To exercise rights, email privacy@nevari.com. We will respond within 30 days and may request verification of identity.

If unsatisfied, you may lodge a complaint with the Information Commissioner's Office (ICO) or your local authority.

14. Marketing and Communications

We send communications relevant to your professional role and interests.

You may unsubscribe at any time via email footer or by contacting us.

We maintain suppression lists to prevent further contact after opt-out.

We do not engage in unsolicited or automated mass marketing to individuals.

15. Third-Party Links

Our website may contain links to other sites not controlled by Nevari. We are not responsible for their privacy practices or content. Users should review external privacy policies before providing any personal information.

16. Children's Data

Nevari's services are intended for corporate and professional audiences. We do not knowingly collect data from individuals under 16 years of age. If we learn that such data has been collected inadvertently, it will be deleted promptly.

17. Data Breach Notification

In the event of a data breach likely to result in risk to individuals' rights or freedoms, Nevari will:

  • Notify the ICO within 72 hours of awareness.
  • Inform affected data subjects without undue delay when required.
  • Maintain detailed incident records and corrective action reports.

18. International Rights and Jurisdictional Addenda

  • EU Residents: protected under EU GDPR (Regulation 2016/679).
  • US Residents: rights under CCPA/CPRA and equivalent state laws.
  • Canadian Residents: protections under PIPEDA.
  • Australian Residents: covered by the Privacy Act 1988 (Cth).

Nevari applies a "highest-standard wins" policy — if multiple frameworks apply, the stricter standard governs.

19. Changes to This Policy

We may update this Policy to reflect regulatory changes, technological advancements, or operational adjustments.

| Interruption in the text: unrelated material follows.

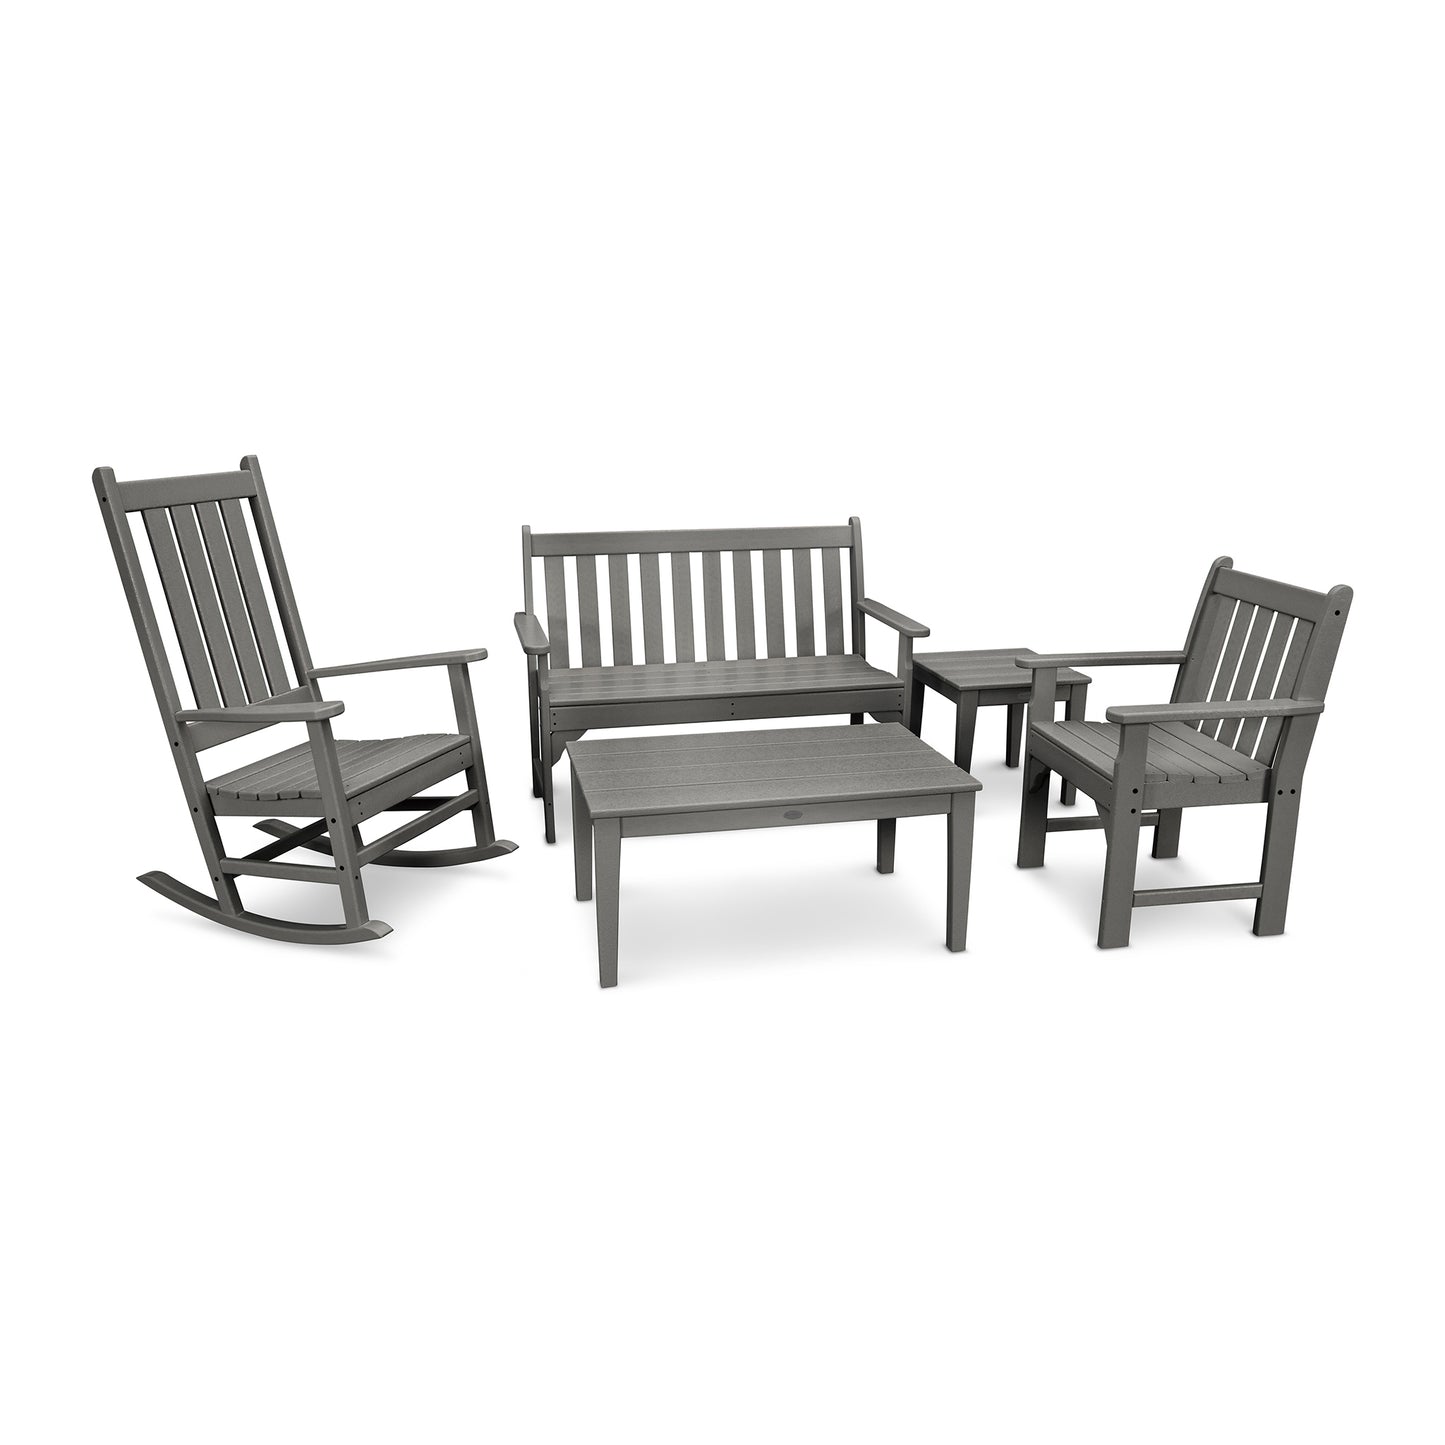 A set of POLYWOOD Vineyard 5-Piece Bench & Rocking Chair Set in gray, including a rocking chair, a bench, an armchair, and a small rectangular table, displayed on a plain white background.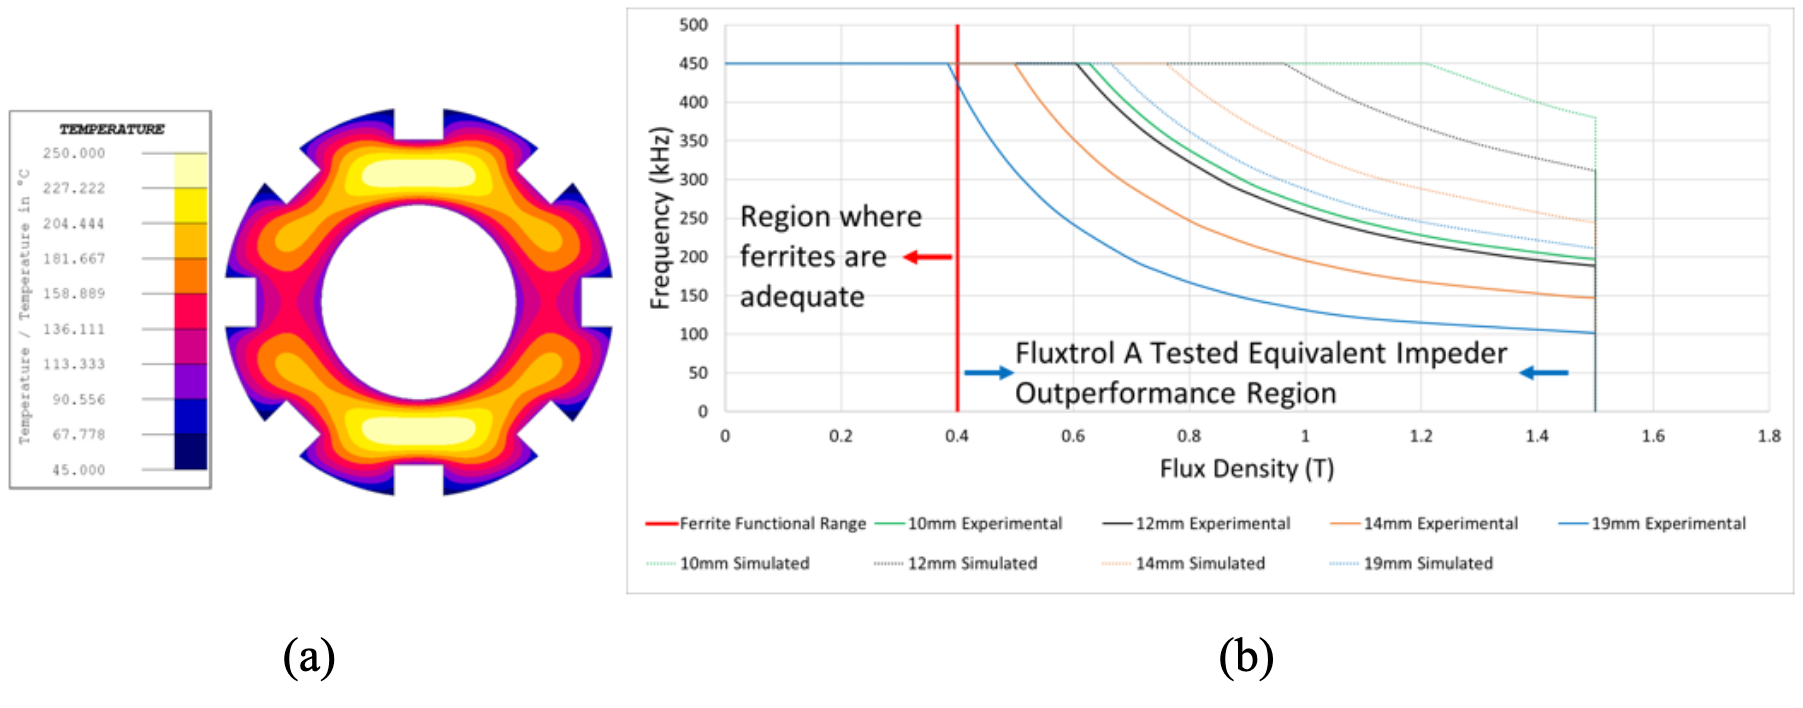 Fluxtrol | HES 23 Physical Simulation and Computational Modelling for Validation of Soft Magnetic Composite Impeder Performance - Figure 4: (a) cross-section of 12mm Fluxtrol A impeder and (b) Fluxtrol A theoretical limits.

Updates will be posted on this page with an updated effective date. Significant changes will be communicated directly to clients or subscribers.

20. Contact and Queries

For any questions, concerns, or data-related requests:

Data Protection Officer – Nevari (Nevari International Limited) Privacy@nevari.com +44 (0)20 3985 4759 Nevari HQ, The Summit, Church Lane, Guiting Power, Cheltenham, England, GL54 5TX

If unresolved, contact the Information Commissioner's Office (ICO) – www.ico.org.uk

21. Final Statement

Nevari upholds privacy as a cornerstone of intelligent enterprise. We believe responsible AI and ethical data governance are inseparable from transformation excellence.

Our commitment is simple: to protect, respect, and empower every client, partner, and user through transparency, integrity, and security.